(Data shown Opens)
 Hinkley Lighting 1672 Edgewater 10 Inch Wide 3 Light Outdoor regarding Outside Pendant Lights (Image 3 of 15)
(Data shown Closes)
(Data shown Opens)
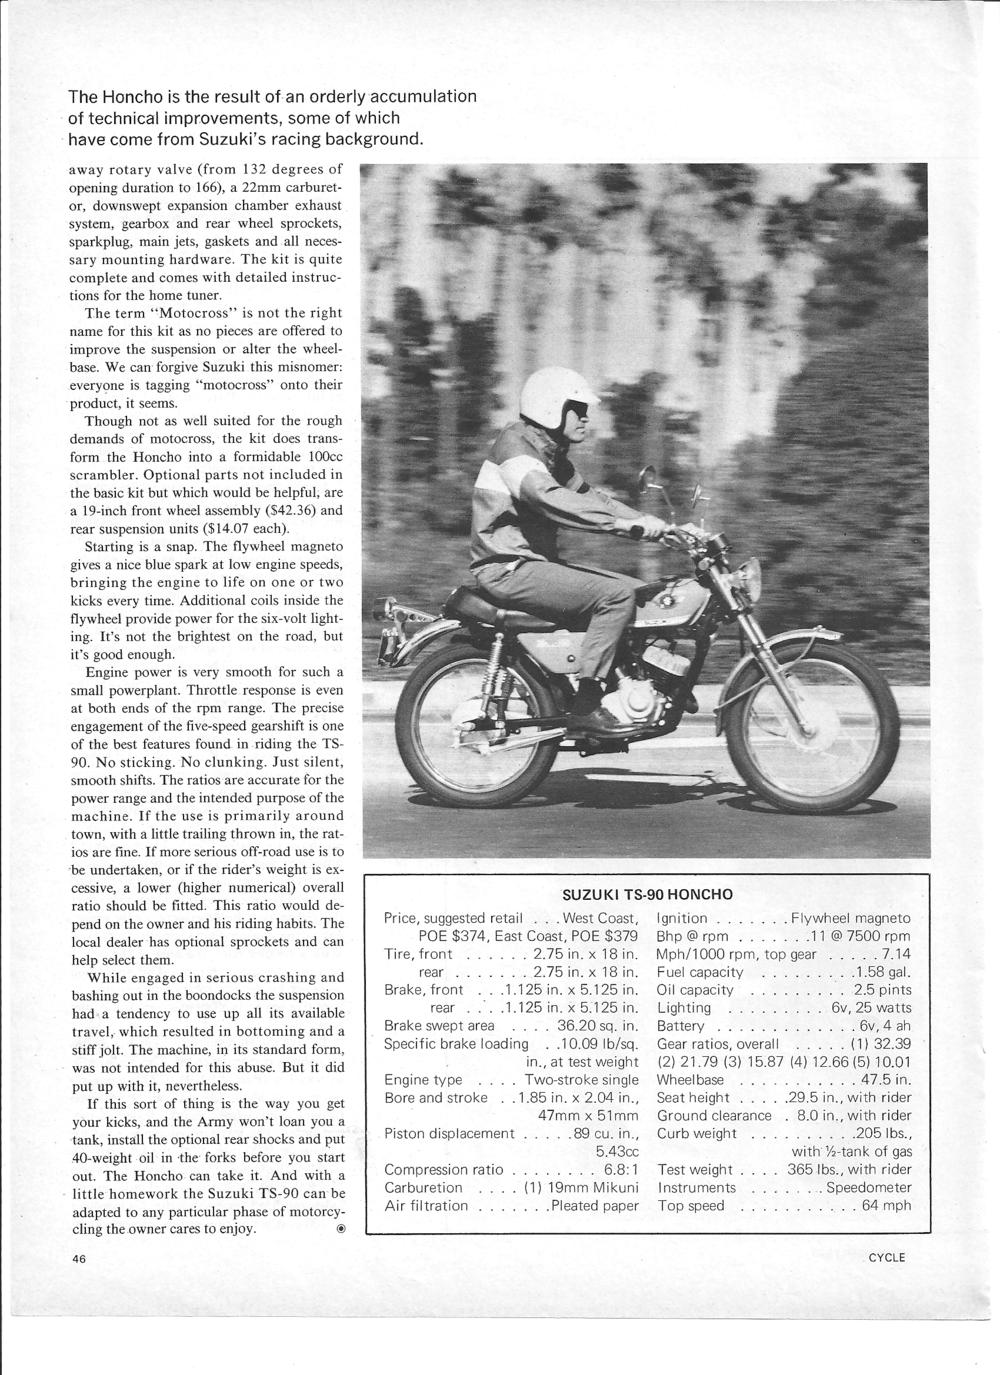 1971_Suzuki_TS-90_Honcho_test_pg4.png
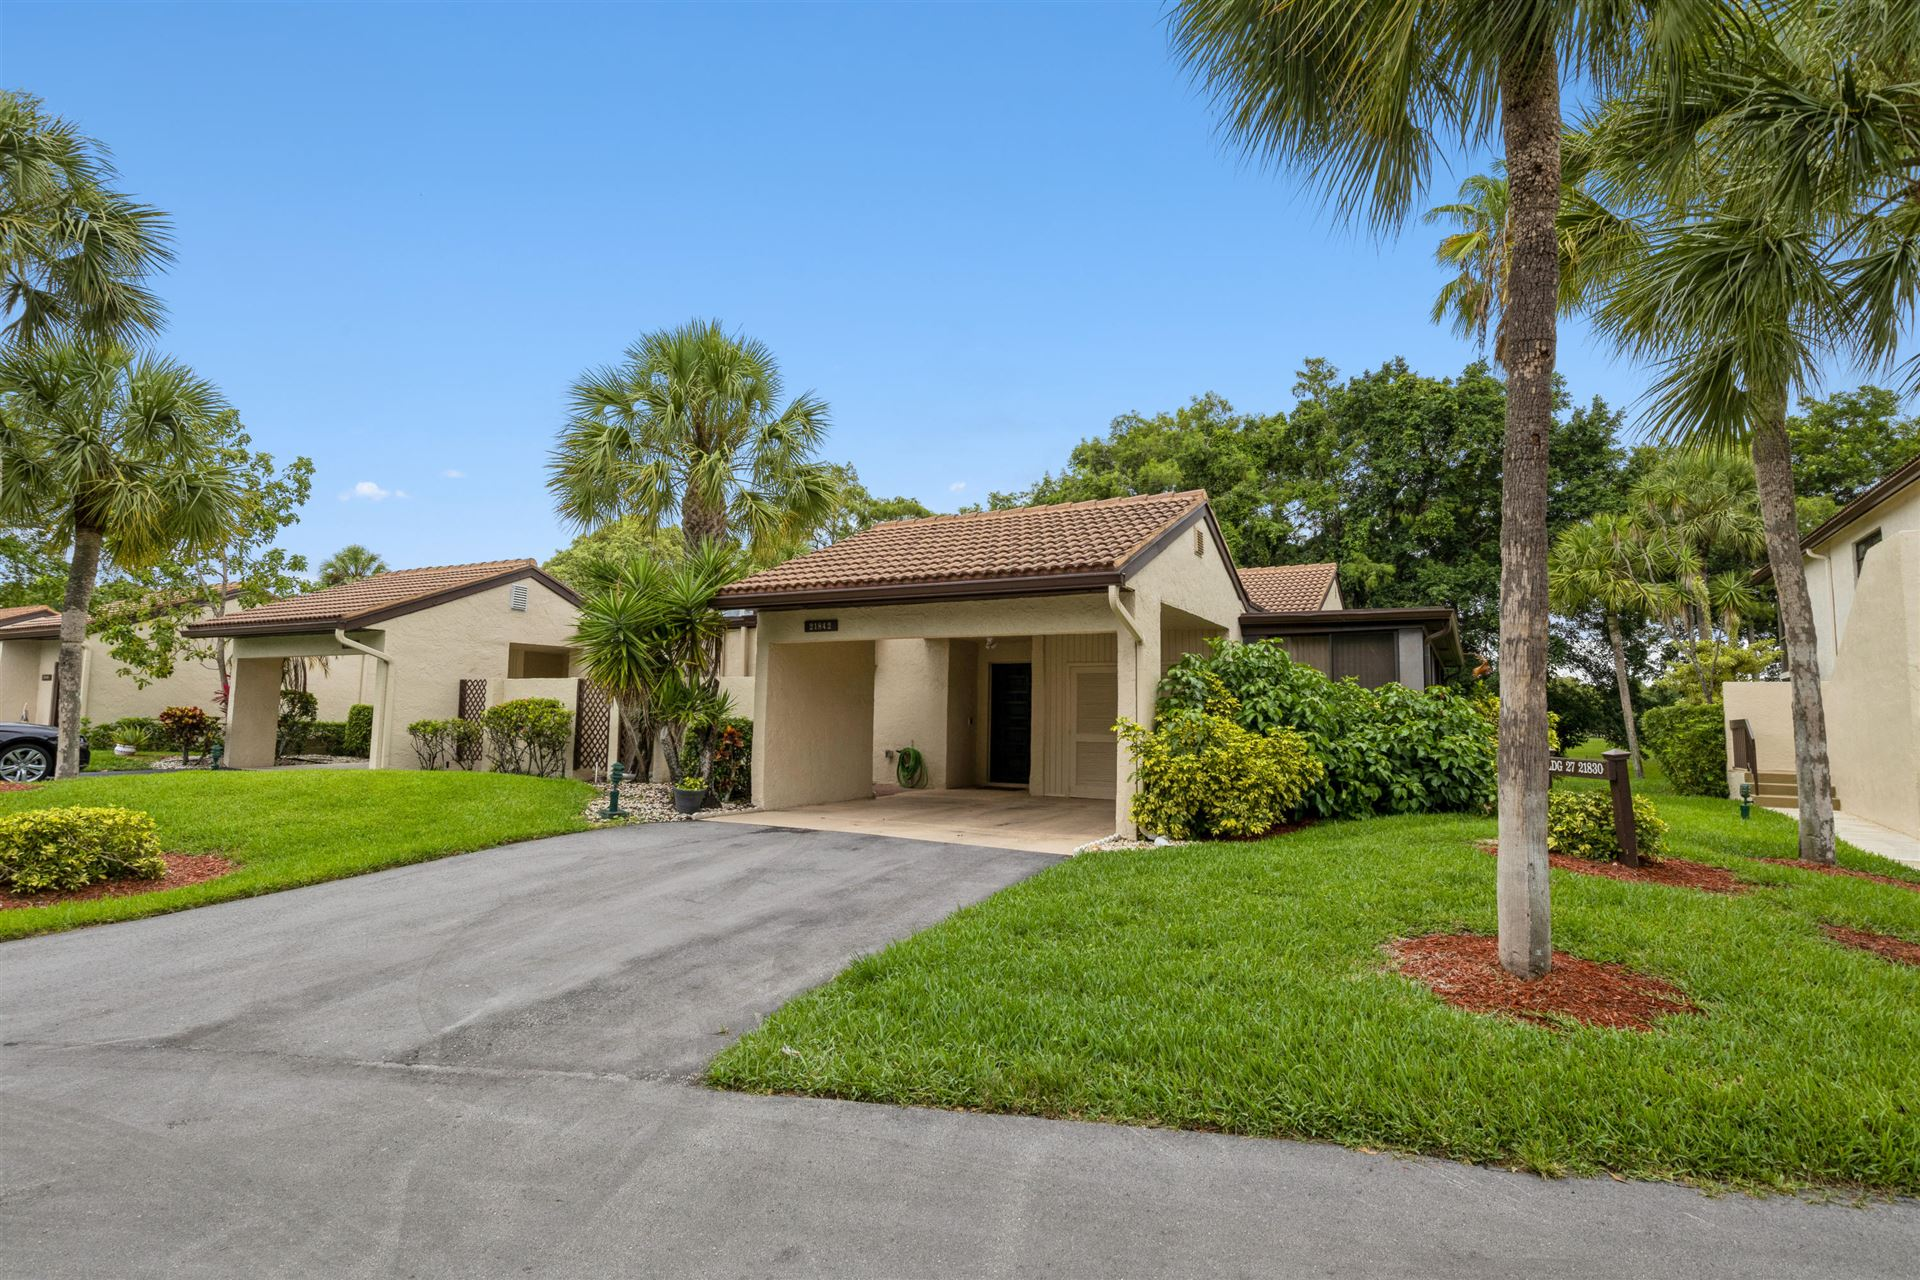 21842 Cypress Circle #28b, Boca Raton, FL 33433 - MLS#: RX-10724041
(Data shown Closes)
(Data shown Opens)
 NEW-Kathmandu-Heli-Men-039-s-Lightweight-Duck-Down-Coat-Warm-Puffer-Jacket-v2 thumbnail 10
(Data shown Closes)
The lines to reproduce run from the one above containing "1971_Suzuki_TS-90_Honcho_test_pg4.png" through the one containing "21842 Cypress Circle". Copy them exactly and leave out all pictures.

▸ Reply to the exercise:
 1971_Suzuki_TS-90_Honcho_test_pg4.png
 21842 Cypress Circle #28b, Boca Raton, FL 33433 - MLS#: RX-10724041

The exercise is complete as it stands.